Data for analysis Start Marker

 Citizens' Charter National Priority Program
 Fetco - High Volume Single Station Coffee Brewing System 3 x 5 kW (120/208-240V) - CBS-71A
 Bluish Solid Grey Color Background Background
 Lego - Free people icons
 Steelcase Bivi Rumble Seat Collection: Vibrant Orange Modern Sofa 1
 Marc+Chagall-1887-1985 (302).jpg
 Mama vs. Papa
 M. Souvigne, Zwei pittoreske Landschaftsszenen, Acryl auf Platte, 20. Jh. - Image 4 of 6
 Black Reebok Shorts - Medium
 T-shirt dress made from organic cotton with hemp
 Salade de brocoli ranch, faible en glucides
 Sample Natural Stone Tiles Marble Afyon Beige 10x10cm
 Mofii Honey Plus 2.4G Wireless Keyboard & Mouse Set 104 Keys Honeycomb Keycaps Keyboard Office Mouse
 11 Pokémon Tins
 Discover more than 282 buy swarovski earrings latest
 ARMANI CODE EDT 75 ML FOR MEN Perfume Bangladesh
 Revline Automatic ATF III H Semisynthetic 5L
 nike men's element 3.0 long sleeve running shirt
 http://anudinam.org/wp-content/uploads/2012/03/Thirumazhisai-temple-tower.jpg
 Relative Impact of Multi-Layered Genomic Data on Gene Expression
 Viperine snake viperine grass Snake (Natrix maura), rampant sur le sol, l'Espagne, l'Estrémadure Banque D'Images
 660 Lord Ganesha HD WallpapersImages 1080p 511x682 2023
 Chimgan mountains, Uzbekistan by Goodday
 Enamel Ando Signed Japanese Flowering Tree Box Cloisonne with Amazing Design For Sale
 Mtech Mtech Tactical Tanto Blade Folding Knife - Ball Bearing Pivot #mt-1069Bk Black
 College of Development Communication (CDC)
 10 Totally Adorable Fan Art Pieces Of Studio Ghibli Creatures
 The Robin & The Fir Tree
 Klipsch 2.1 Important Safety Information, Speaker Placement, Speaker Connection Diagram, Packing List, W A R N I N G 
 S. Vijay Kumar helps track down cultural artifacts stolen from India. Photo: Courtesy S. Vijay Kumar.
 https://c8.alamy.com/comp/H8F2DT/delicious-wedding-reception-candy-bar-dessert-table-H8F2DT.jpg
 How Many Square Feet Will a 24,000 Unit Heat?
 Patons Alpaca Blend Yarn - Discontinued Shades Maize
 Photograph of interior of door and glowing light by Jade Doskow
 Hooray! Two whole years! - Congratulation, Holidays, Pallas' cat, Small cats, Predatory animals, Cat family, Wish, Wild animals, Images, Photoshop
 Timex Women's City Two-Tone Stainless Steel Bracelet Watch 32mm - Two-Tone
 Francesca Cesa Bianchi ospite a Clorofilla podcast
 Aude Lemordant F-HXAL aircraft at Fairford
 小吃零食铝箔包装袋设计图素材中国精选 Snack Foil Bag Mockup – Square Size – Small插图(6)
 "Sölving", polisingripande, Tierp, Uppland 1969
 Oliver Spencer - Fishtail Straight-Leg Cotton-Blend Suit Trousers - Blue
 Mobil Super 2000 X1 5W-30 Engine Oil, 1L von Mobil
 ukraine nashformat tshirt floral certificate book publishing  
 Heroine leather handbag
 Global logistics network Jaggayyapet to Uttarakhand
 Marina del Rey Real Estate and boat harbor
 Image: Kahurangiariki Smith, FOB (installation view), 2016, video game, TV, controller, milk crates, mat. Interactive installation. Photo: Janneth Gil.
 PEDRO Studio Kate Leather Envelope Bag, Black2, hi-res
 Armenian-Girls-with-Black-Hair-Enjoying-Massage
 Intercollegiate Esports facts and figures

Data for analysis End Marker

▶ **Exercise aim**
Copy out the full set of entries without altering anything.

▶ **Answer to this problem**
 Citizens' Charter National Priority Program
 Fetco - High Volume Single Station Coffee Brewing System 3 x 5 kW (120/208-240V) - CBS-71A
 Bluish Solid Grey Color Background Background
 Lego - Free people icons
 Steelcase Bivi Rumble Seat Collection: Vibrant Orange Modern Sofa 1
 Marc+Chagall-1887-1985 (302).jpg
 Mama vs. Papa
 M. Souvigne, Zwei pittoreske Landschaftsszenen, Acryl auf Platte, 20. Jh. - Image 4 of 6
 Black Reebok Shorts - Medium
 T-shirt dress made from organic cotton with hemp
 Salade de brocoli ranch, faible en glucides
 Sample Natural Stone Tiles Marble Afyon Beige 10x10cm
 Mofii Honey Plus 2.4G Wireless Keyboard & Mouse Set 104 Keys Honeycomb Keycaps Keyboard Office Mouse
 11 Pokémon Tins
 Discover more than 282 buy swarovski earrings latest
 ARMANI CODE EDT 75 ML FOR MEN Perfume Bangladesh
 Revline Automatic ATF III H Semisynthetic 5L
 nike men's element 3.0 long sleeve running shirt
 http://anudinam.org/wp-content/uploads/2012/03/Thirumazhisai-temple-tower.jpg
 Relative Impact of Multi-Layered Genomic Data on Gene Expression
 Viperine snake viperine grass Snake (Natrix maura), rampant sur le sol, l'Espagne, l'Estrémadure Banque D'Images
 660 Lord Ganesha HD WallpapersImages 1080p 511x682 2023
 Chimgan mountains, Uzbekistan by Goodday
 Enamel Ando Signed Japanese Flowering Tree Box Cloisonne with Amazing Design For Sale
 Mtech Mtech Tactical Tanto Blade Folding Knife - Ball Bearing Pivot #mt-1069Bk Black
 College of Development Communication (CDC)
 10 Totally Adorable Fan Art Pieces Of Studio Ghibli Creatures
 The Robin & The Fir Tree
 Klipsch 2.1 Important Safety Information, Speaker Placement, Speaker Connection Diagram, Packing List, W A R N I N G 
 S. Vijay Kumar helps track down cultural artifacts stolen from India. Photo: Courtesy S. Vijay Kumar.
 https://c8.alamy.com/comp/H8F2DT/delicious-wedding-reception-candy-bar-dessert-table-H8F2DT.jpg
 How Many Square Feet Will a 24,000 Unit Heat?
 Patons Alpaca Blend Yarn - Discontinued Shades Maize
 Photograph of interior of door and glowing light by Jade Doskow
 Hooray! Two whole years! - Congratulation, Holidays, Pallas' cat, Small cats, Predatory animals, Cat family, Wish, Wild animals, Images, Photoshop
 Timex Women's City Two-Tone Stainless Steel Bracelet Watch 32mm - Two-Tone
 Francesca Cesa Bianchi ospite a Clorofilla podcast
 Aude Lemordant F-HXAL aircraft at Fairford
 小吃零食铝箔包装袋设计图素材中国精选 Snack Foil Bag Mockup – Square Size – Small插图(6)
 "Sölving", polisingripande, Tierp, Uppland 1969
 Oliver Spencer - Fishtail Straight-Leg Cotton-Blend Suit Trousers - Blue
 Mobil Super 2000 X1 5W-30 Engine Oil, 1L von Mobil
 ukraine nashformat tshirt floral certificate book publishing  
 Heroine leather handbag
 Global logistics network Jaggayyapet to Uttarakhand
 Marina del Rey Real Estate and boat harbor
 Image: Kahurangiariki Smith, FOB (installation view), 2016, video game, TV, controller, milk crates, mat. Interactive installation. Photo: Janneth Gil.
 PEDRO Studio Kate Leather Envelope Bag, Black2, hi-res
 Armenian-Girls-with-Black-Hair-Enjoying-Massage
 Intercollegiate Esports facts and figures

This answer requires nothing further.